One key similarity between EW and radar requirements is the demand for increased capability within a single transistor. “For radar, the power levels continue to be much higher than requirements for electronic warfare or communications,” Smith notes. “In many cases, the key metric for radar is efficiency – always trying to push the boundaries and achieve as high efficiency as possible. Efficiency also matters within EW, but it’s based on the market bandwidth and integration.

While both radar and EW require high-performance solutions in compact SWaP-optimized packaging, Hermanny points out that EW has its own unique challenges: “Unlike radar, where both transmit and receive sides of the system are defined, an electronic warfare system must operate on previously unknown signals,” he explains.

For example, an EW system might need to receive an adversary’s radar signal, process it, and retransmit that signal. “Since the electronic warfare system designer can’t predict the frequency of that radar signal, they need to design the electronic warfare system to operate over a very wide range of frequencies,” Hermanny says. “This unknown element requires electronic warfare systems to be dynamically configurable and operate over a very wide frequency range.”

SWaP requirements

Size reductions are “primarily driven by the shrinking geometries of antennas and the need to shorten the signal path,” D’Arcy says. “While weight gain is a concern, the greatest challenge to the industry is power consumption and efficiency. And this is directly related to thermal challenges. The way to resolve these challenges is twofold: The continued march toward greater efficiency in GaN-based RF and microwave products is a key contributor to efficiency improvements for power and, to a certain extent, size.

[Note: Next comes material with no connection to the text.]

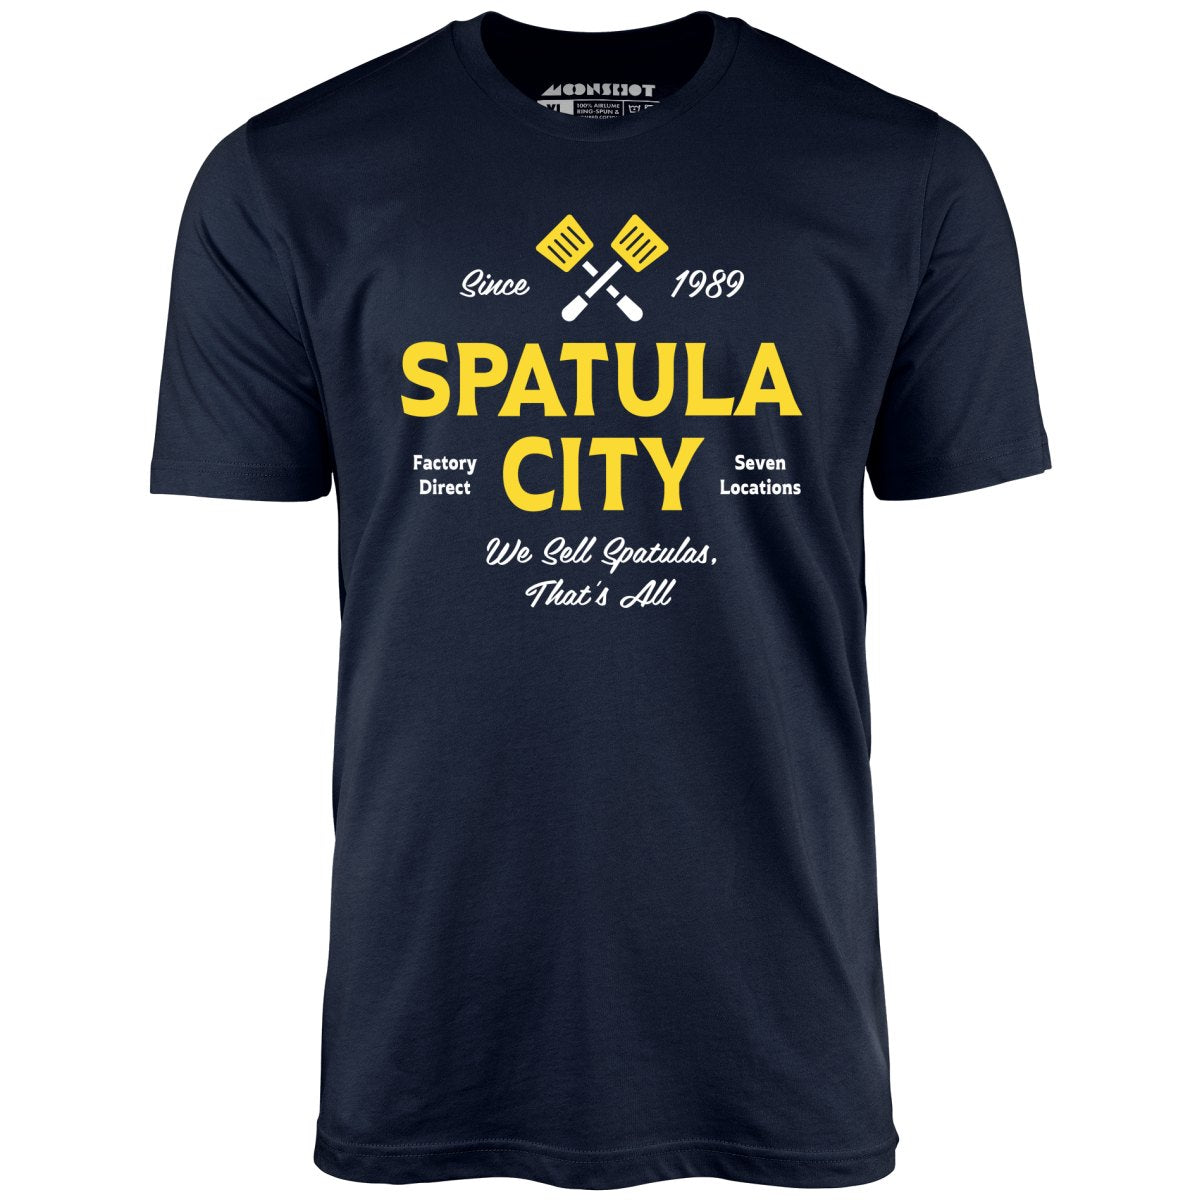 Spatula City - Unisex T-Shirt

The other is incorporating more processing fabric into the digitizers to draw down component count and high-power draw processing where applicable.”

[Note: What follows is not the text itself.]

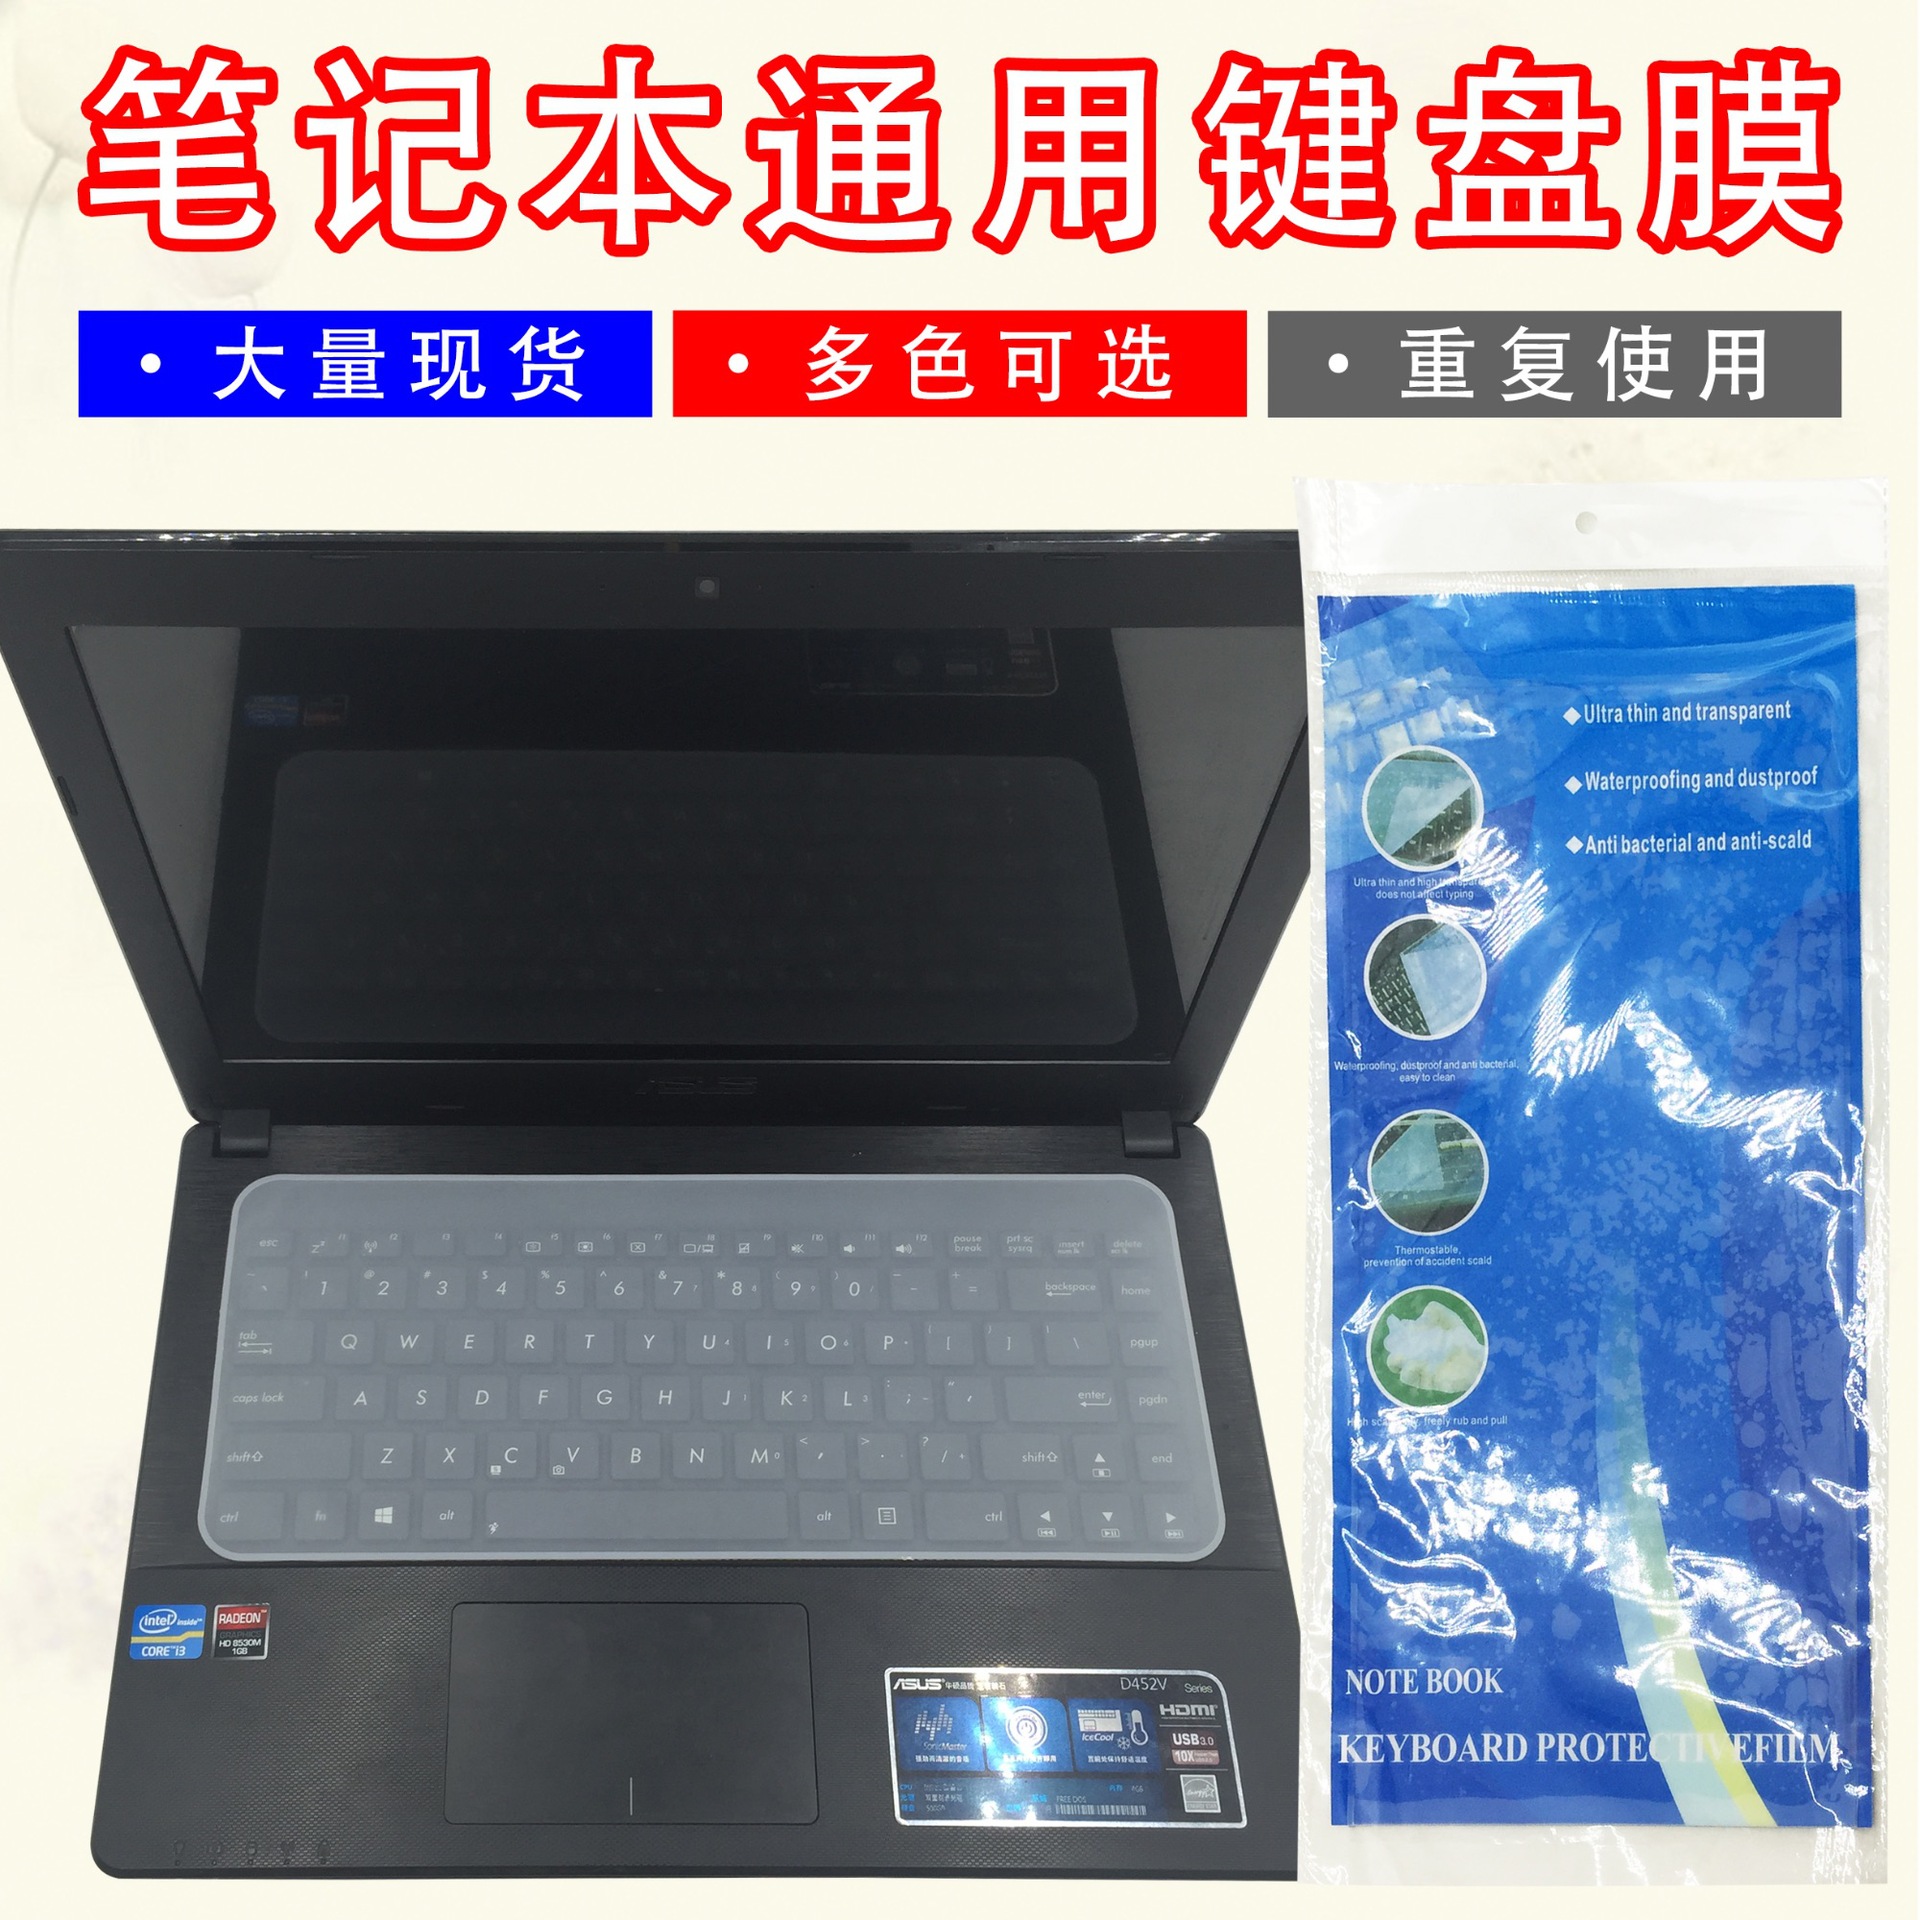 热卖笔记本电脑通用键盘膜 平铺台式机硅胶保护膜 卡通彩色凹凸款

NXP recently opened a RF GaN fab in Chandler, Arizona, dedicated to making RF power amplifiers. “Along with our LDMOS [laterally-diffused metal-oxide semi­conductor] offerings, we can also leverage the performance benefits associated with our own internal GaN fab such as wider operating bandwidth, higher-frequency range capabilities, improved efficiency, and more,” Smith says. (Figure 3.)

[Figure 3 | NXP’s Albert Ruiz reflected in a wafer at the new RF GaN fab. Image courtesy of NXP.]

SWaP is a key aspect of NXP’s engagements within defense and aerospace, and because of its importance the company continues to add more integration into parts. “We accomplish this via improvements within our discrete-devices offerings, packing more power into packages while also prioritizing thermal performance,” he continues. “By stretching the capabilities within our discrete offerings, customers are able to use one device as opposed to a banded approach. We’re also continuing to make improvements in our integrated circuit (IC) offerings for both radar and electronic warfare. These multistage devices enable customers to shrink the elements around the board because of the in-package integration.”

Another way NXP is making SWaP improvements is through multichip modules. “These devices are similar to the ICs because they’re multistage but also have matching elements that are multistage with 50 ohm in and out,” Smith says. The added integration enables reduced space and weight while achieving necessary performance,” he adds.

“In terms of RF and microwave, one of the challenges of SWaP optimization is managing the complex electromagnetic interactions that result from high-density circuit design,” Hermanny says. “To address these challenges, we developed expertise in complex circuit modeling using both nonlinear circuit models as well as advanced electromagnetic field-solving techniques. This allows us to minimize design time and achieve highly compact hardware without relying on multiple design spins.”